== DATASET

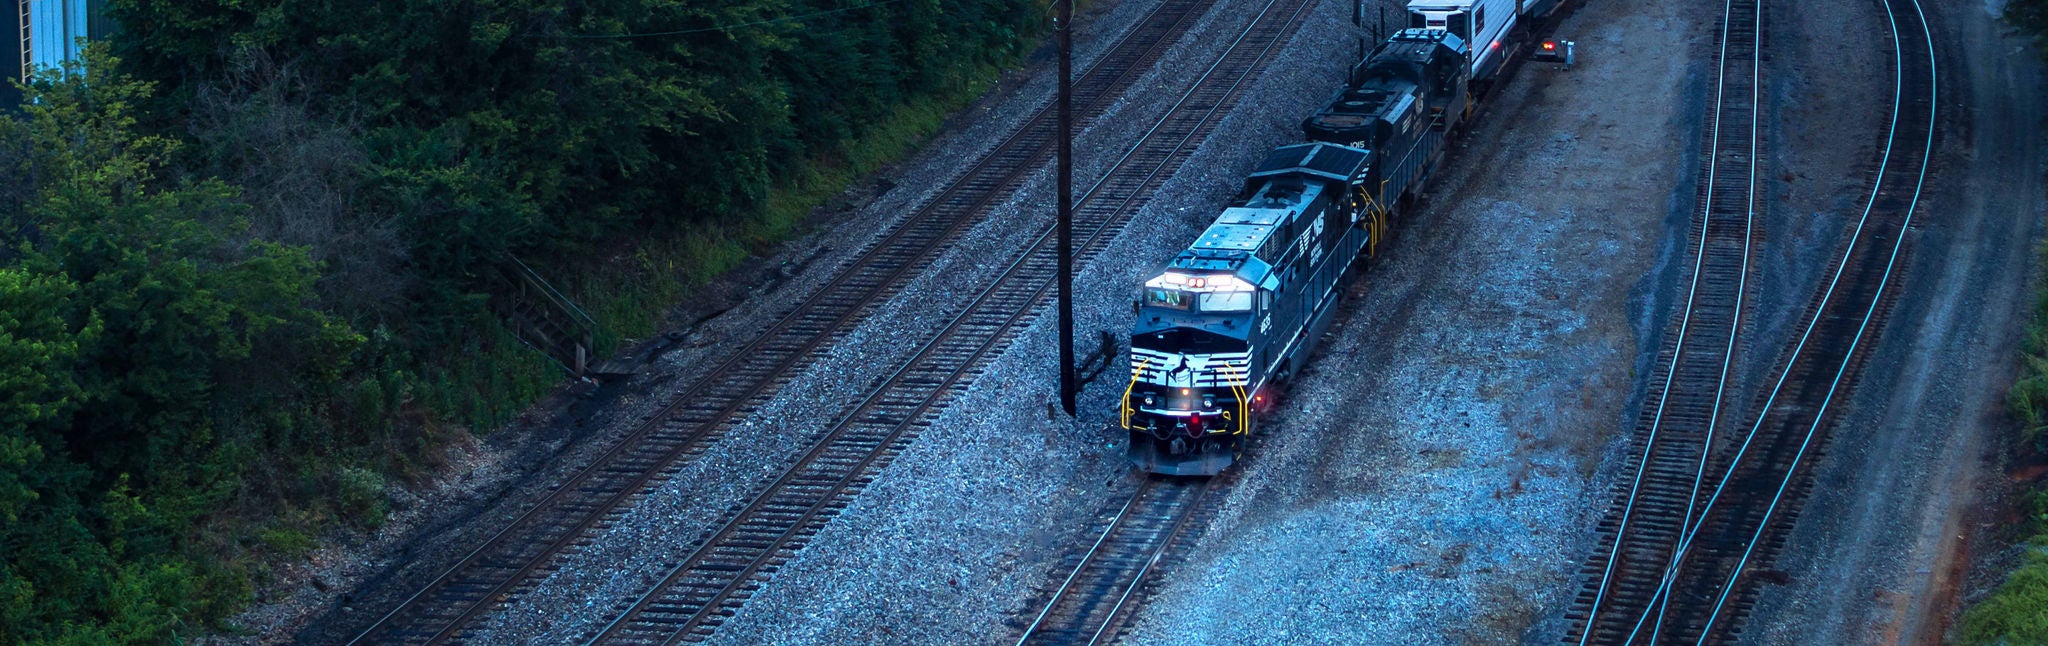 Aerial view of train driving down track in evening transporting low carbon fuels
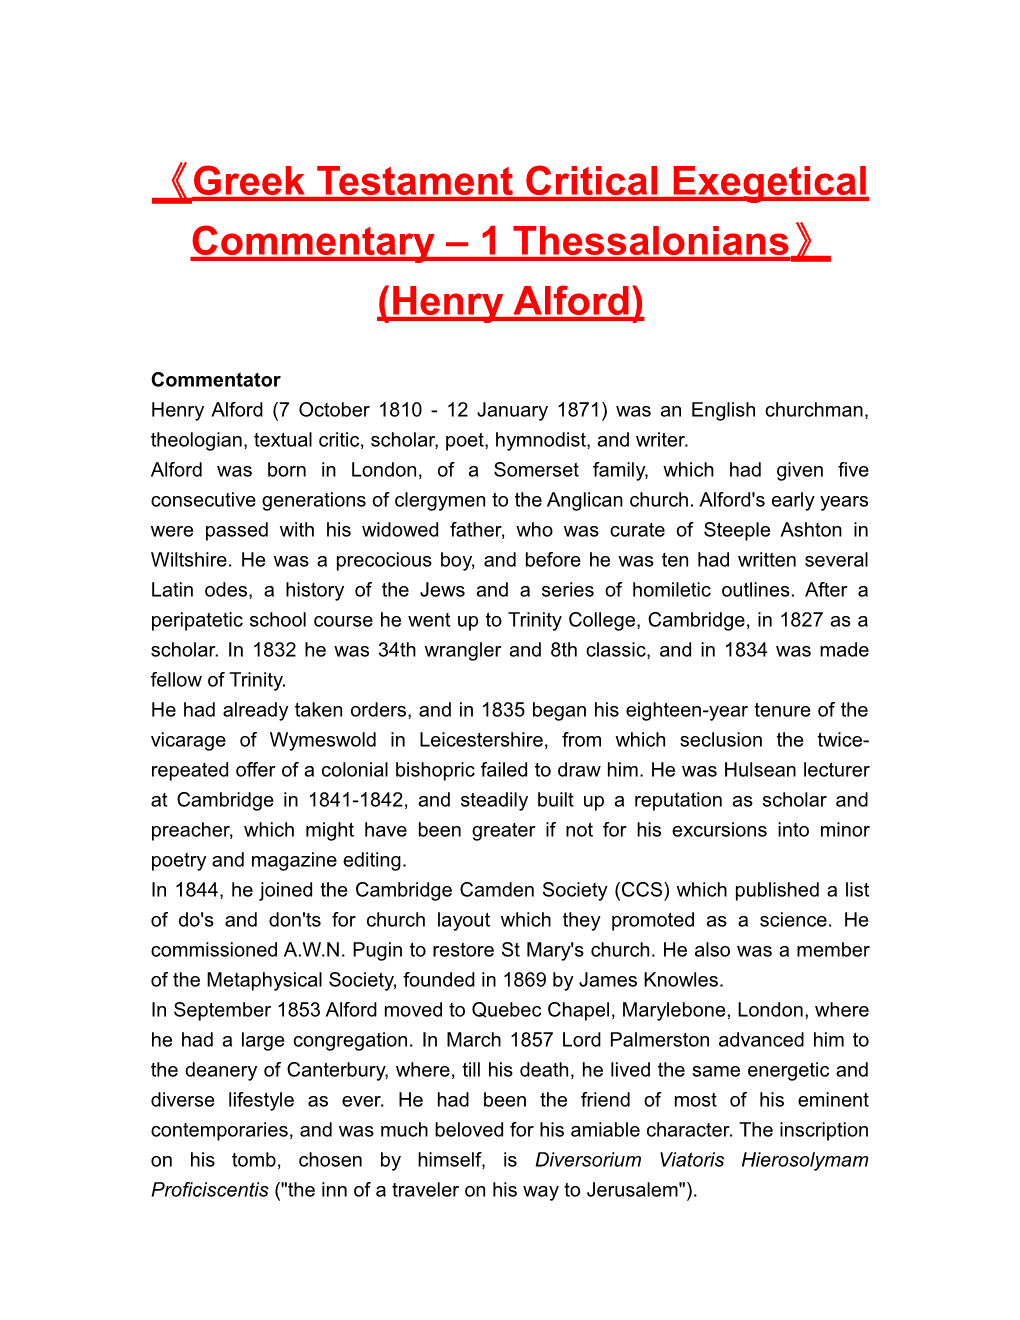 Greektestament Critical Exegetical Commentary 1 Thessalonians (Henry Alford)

====
== DATASET

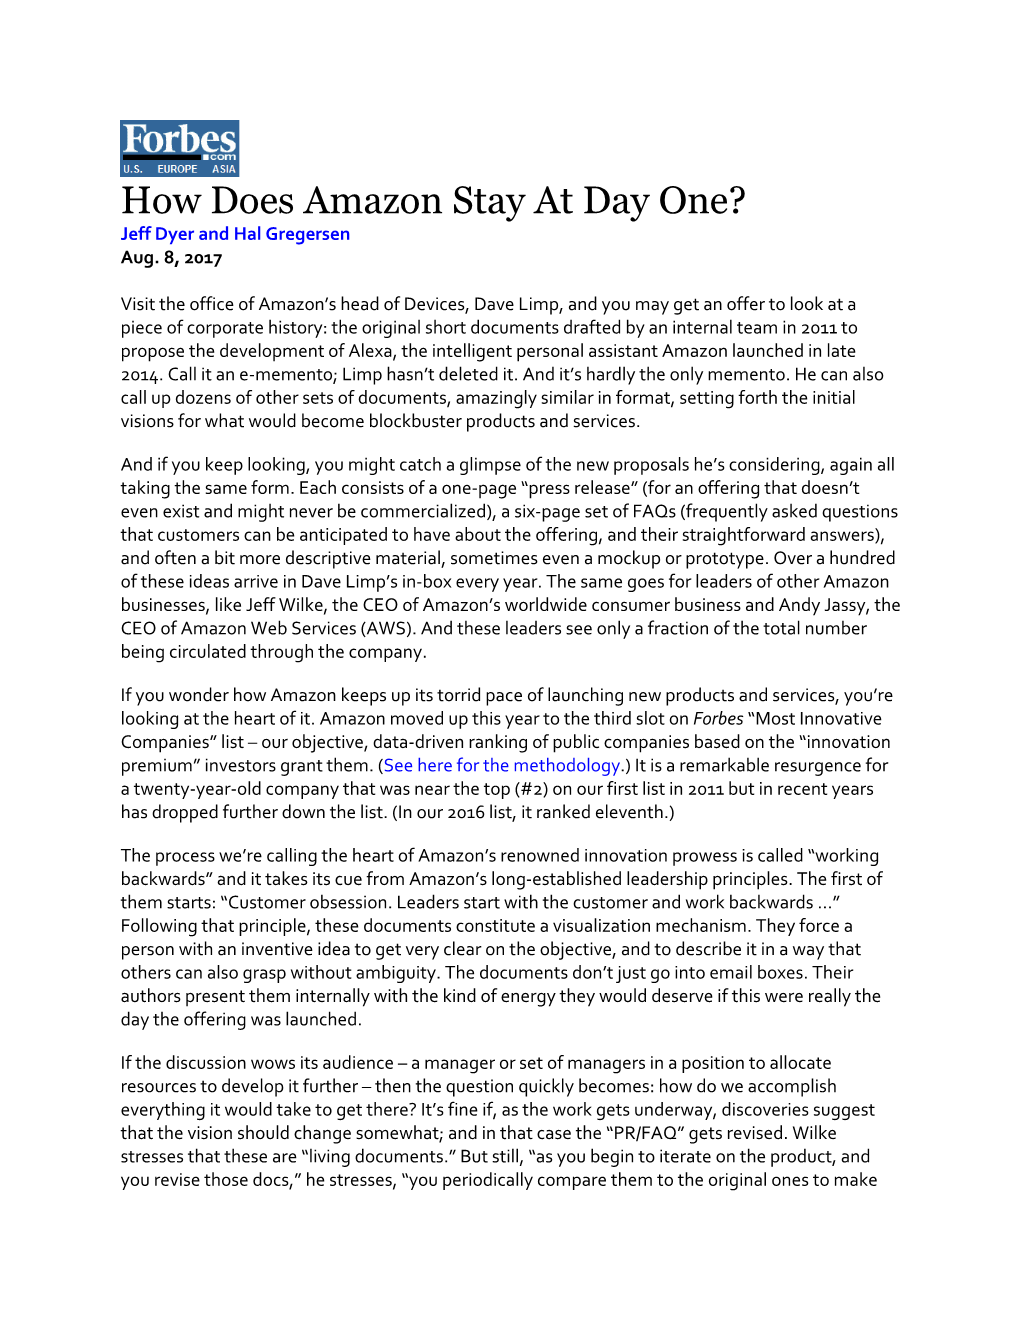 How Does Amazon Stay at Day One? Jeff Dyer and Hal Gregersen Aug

====

WHAT THE EXERCISE ASKS
Reproduce, exactly and only, the lines of the records above starting at the line with "Aerial view of" and ending at the line with "Greektestament Critical Exegetical", both included. Leave every picture out.

ANSWER AREA
 Aerial view of train driving down track in evening transporting low carbon fuels
 Greektestament Critical Exegetical Commentary 1 Thessalonians (Henry Alford)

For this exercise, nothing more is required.